Pemulihan ekonomi masyarakat menjadi bagian penting dalam tahap berikutnya. Banyak keluarga di wilayah terdampak menggantungkan penghasilan dari pertanian, perdagangan, perikanan, dan sektor pariwisata. Kerusakan rumah dan fasilitas produksi dapat menyebabkan mereka kehilangan sumber pendapatan dalam waktu yang cukup lama.
Data Korban dan Kerusakan Masih Diperbarui
Hingga laporan ini disusun, proses pendataan masih berlangsung. Angka korban meninggal, korban luka, jumlah bangunan rusak, serta jumlah warga yang mengungsi dapat berubah seiring petugas berhasil menjangkau daerah-daerah yang sebelumnya terisolasi.
Pemerintah mengingatkan masyarakat untuk mengutamakan informasi dari BNPB, BPBD, BMKG, Basarnas, pemerintah daerah, dan lembaga resmi lainnya.
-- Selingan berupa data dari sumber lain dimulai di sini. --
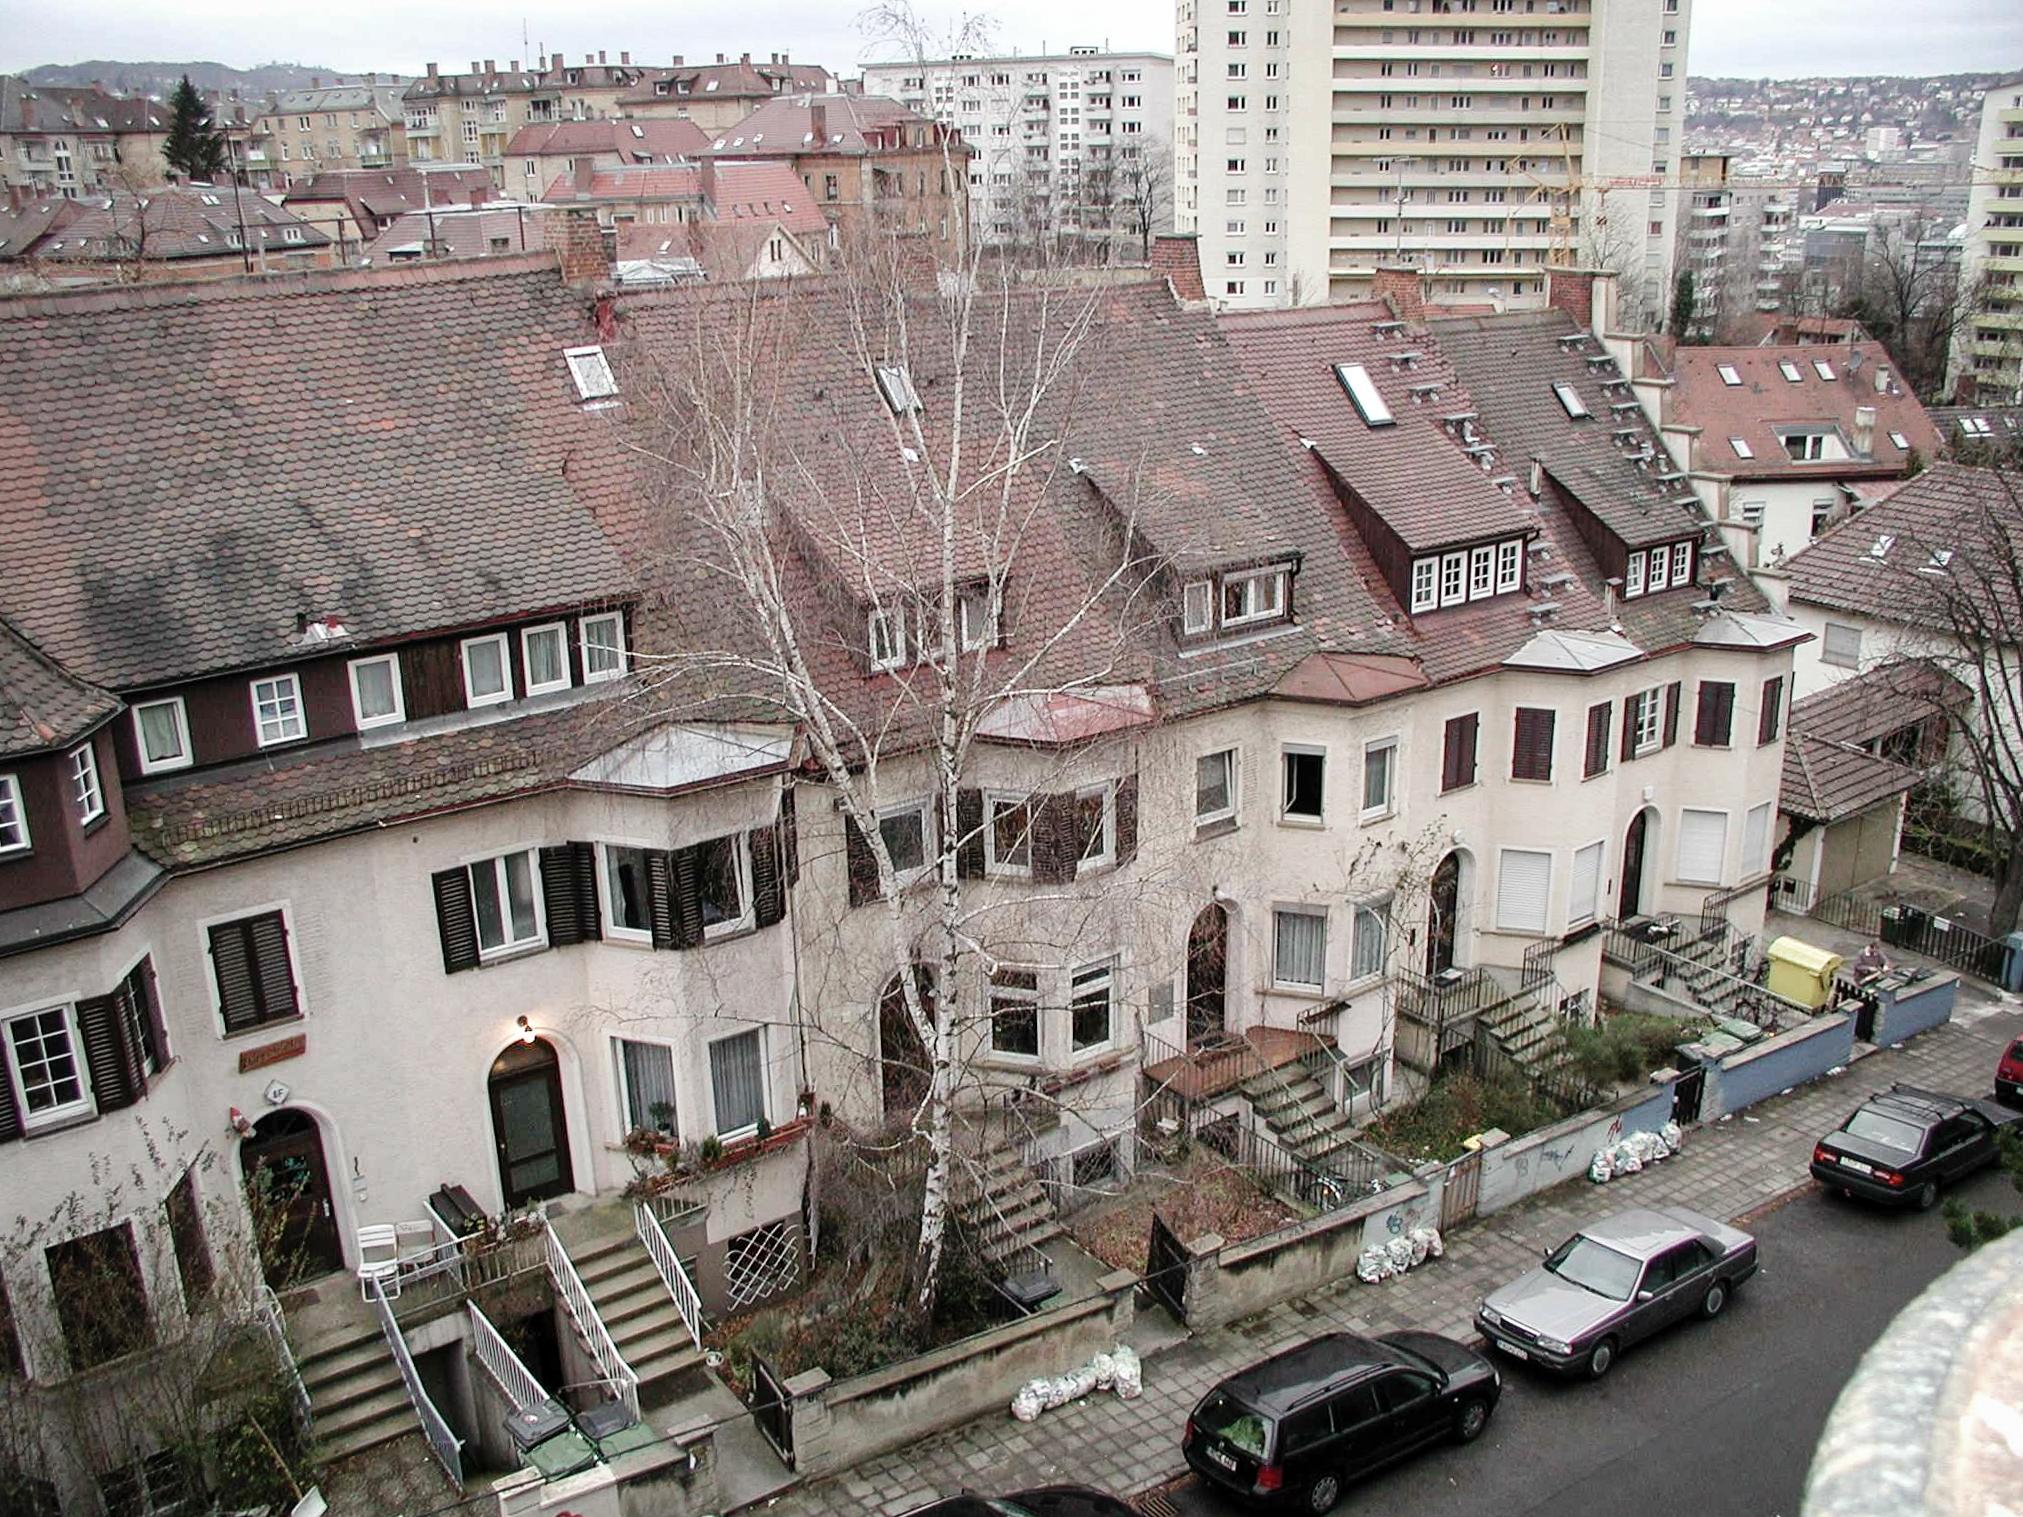 Knopp_Architekten_7.jpg

Informasi yang belum terverifikasi sebaiknya tidak disebarluaskan karena dapat menimbulkan kepanikan dan menghambat proses penanganan bencana.
Gempa bumi NTT ini menjadi pengingat bahwa wilayah Indonesia, khususnya kawasan kepulauan yang berada di jalur aktivitas tektonik tinggi, memiliki risiko bencana yang besar. Kesiapsiagaan masyarakat, kualitas bangunan yang memenuhi standar keselamatan, serta sistem peringatan dan respons bencana yang cepat menjadi faktor penting untuk mengurangi korban ketika bencana serupa terjadi.
Untuk saat ini, pencarian dan penyelamatan korban masih menjadi prioritas utama. Pemerintah bersama seluruh unsur terkait terus berupaya membuka akses menuju wilayah terdampak, memberikan bantuan kepada para pengungsi, merawat korban luka, dan memastikan kebutuhan dasar masyarakat dapat terpenuhi.
Masyarakat di wilayah Nusa Tenggara Timur diimbau untuk tetap waspada terhadap gempa susulan, menghindari bangunan yang rusak, tidak mudah percaya pada informasi yang belum terverifikasi, serta mengikuti seluruh arahan petugas di lapangan.